## Task to carry out:
The task for the listing below is to write out exactly the lines starting at the one containing "585891b4cf9 2018 LONGBO" and ending at the one containing "1920s-brighton-wedding-26", both included. Pictures are to be omitted.

## Given entries:
═══
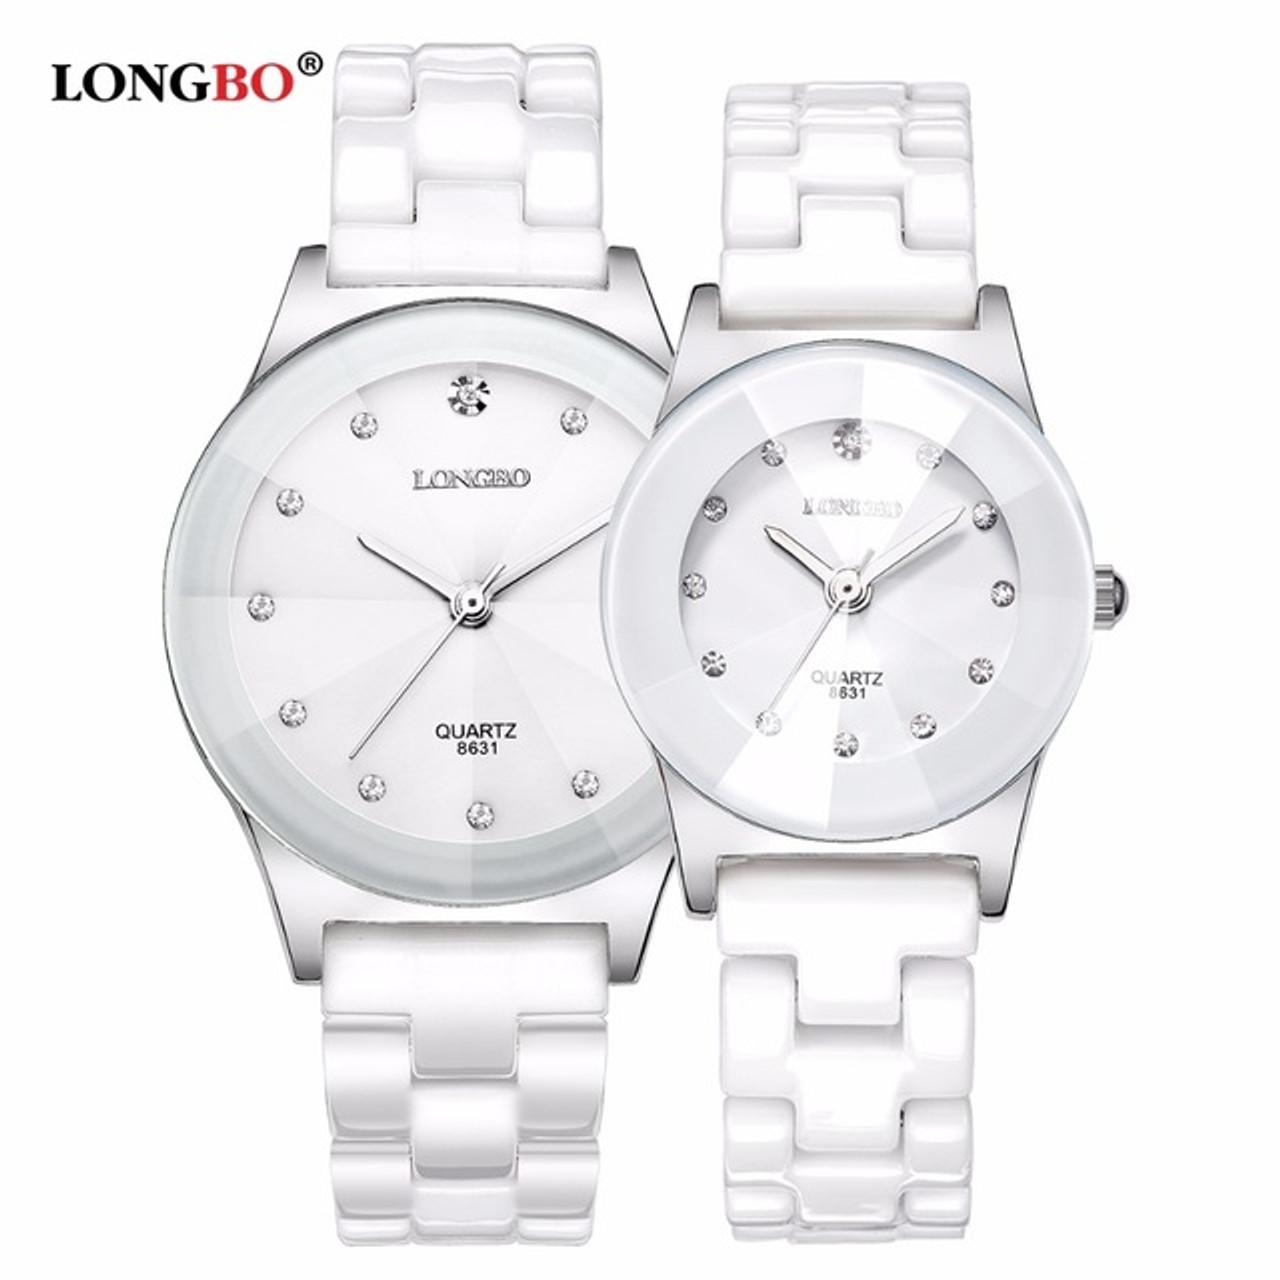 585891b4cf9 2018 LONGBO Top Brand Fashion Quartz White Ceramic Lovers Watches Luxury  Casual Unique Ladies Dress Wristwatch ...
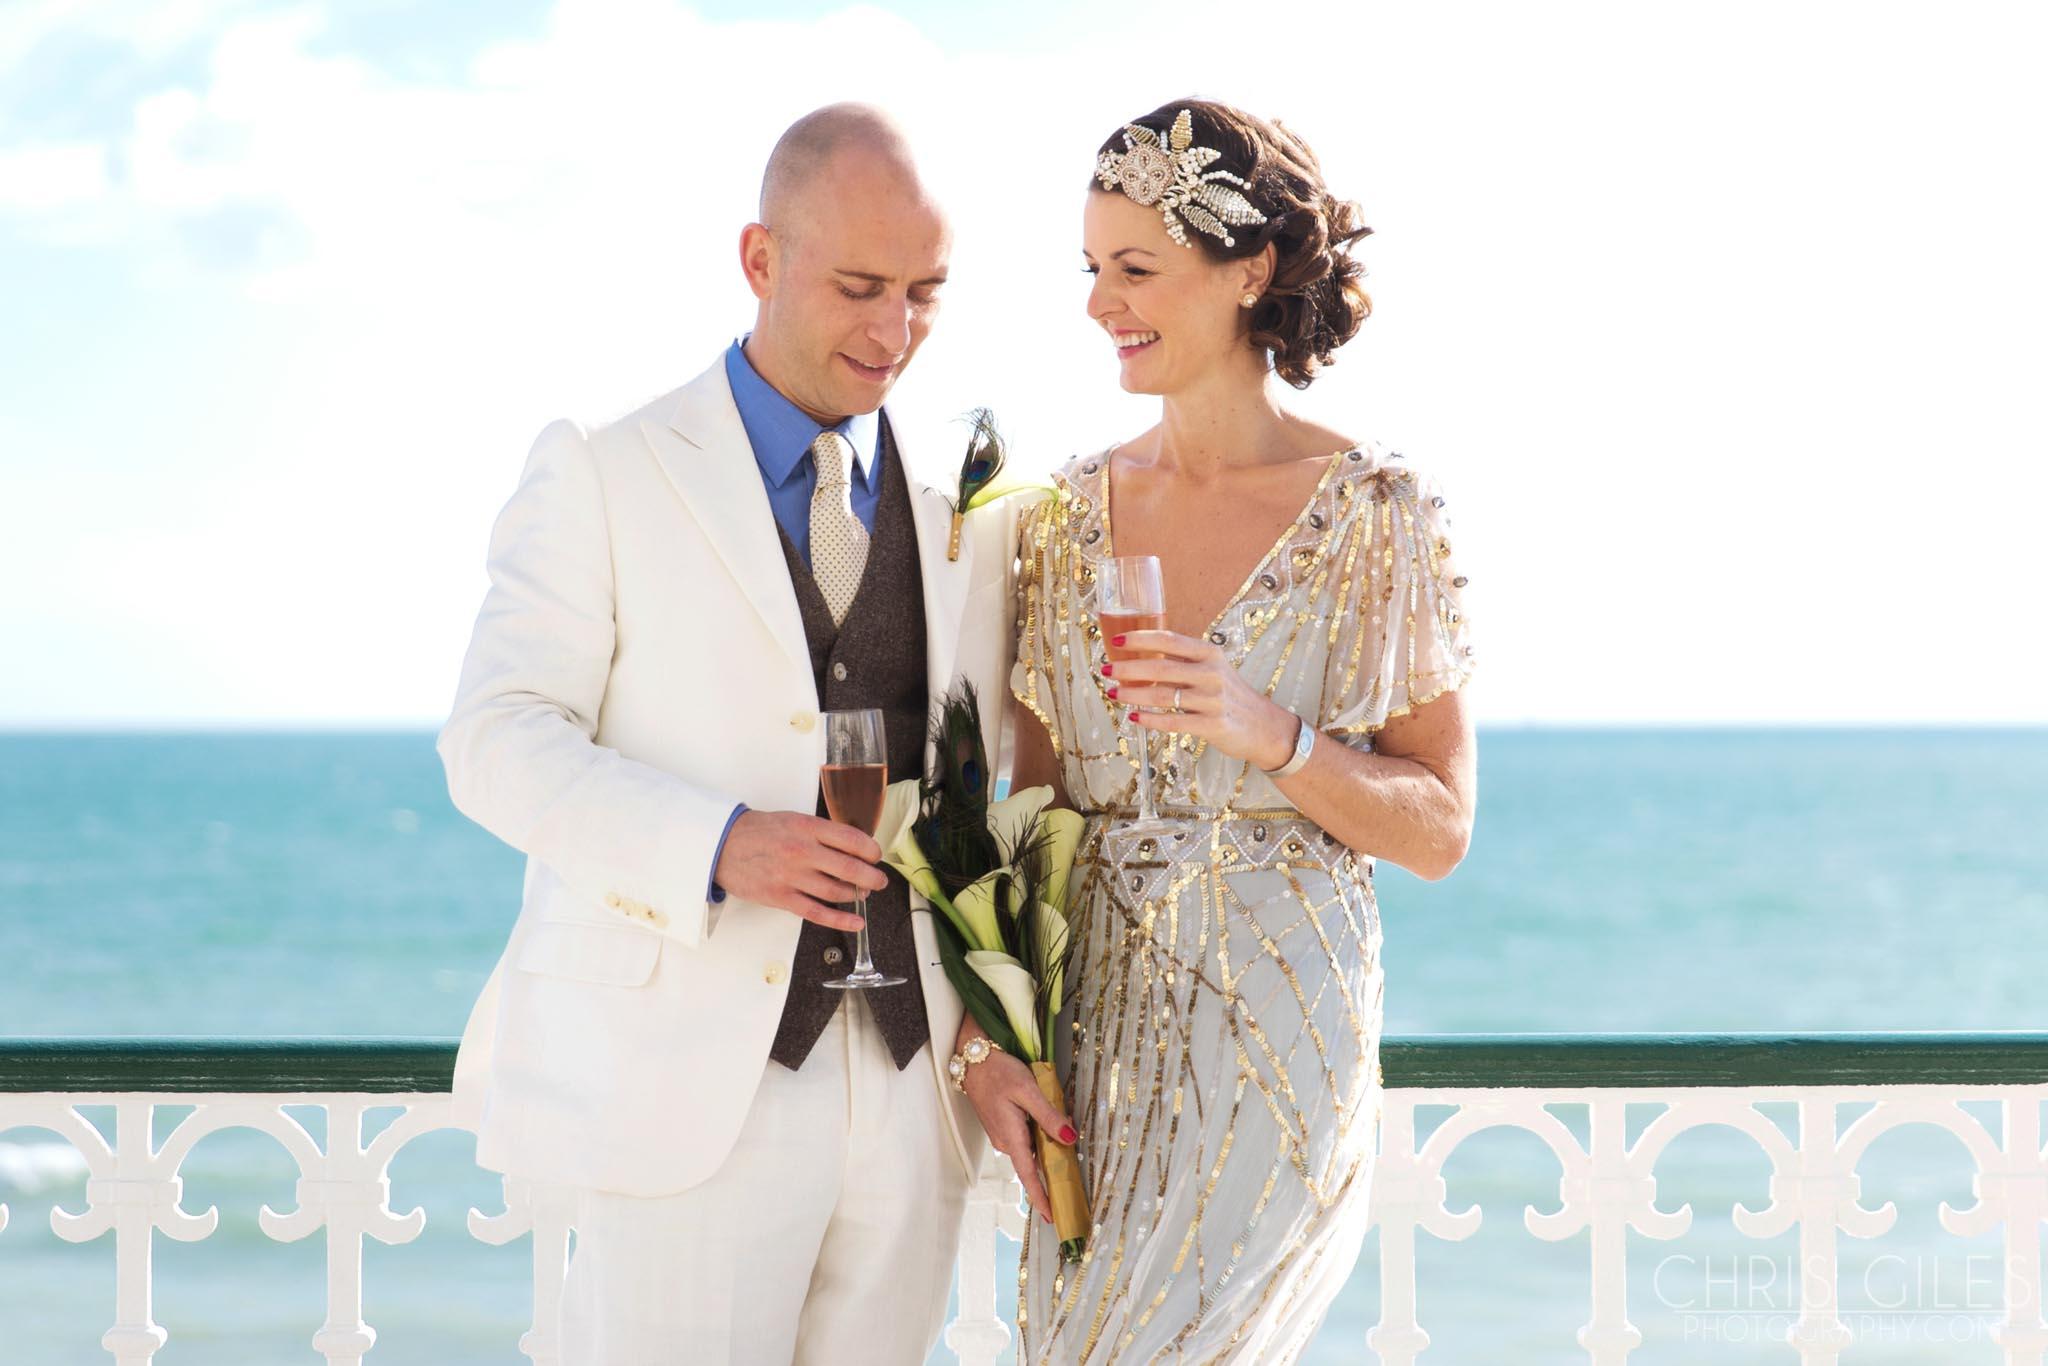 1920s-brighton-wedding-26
═══
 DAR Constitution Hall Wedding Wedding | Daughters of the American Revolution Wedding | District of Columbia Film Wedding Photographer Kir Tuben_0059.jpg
═══
## Exercise response:
 585891b4cf9 2018 LONGBO Top Brand Fashion Quartz White Ceramic Lovers Watches Luxury  Casual Unique Ladies Dress Wristwatch ...
 1920s-brighton-wedding-26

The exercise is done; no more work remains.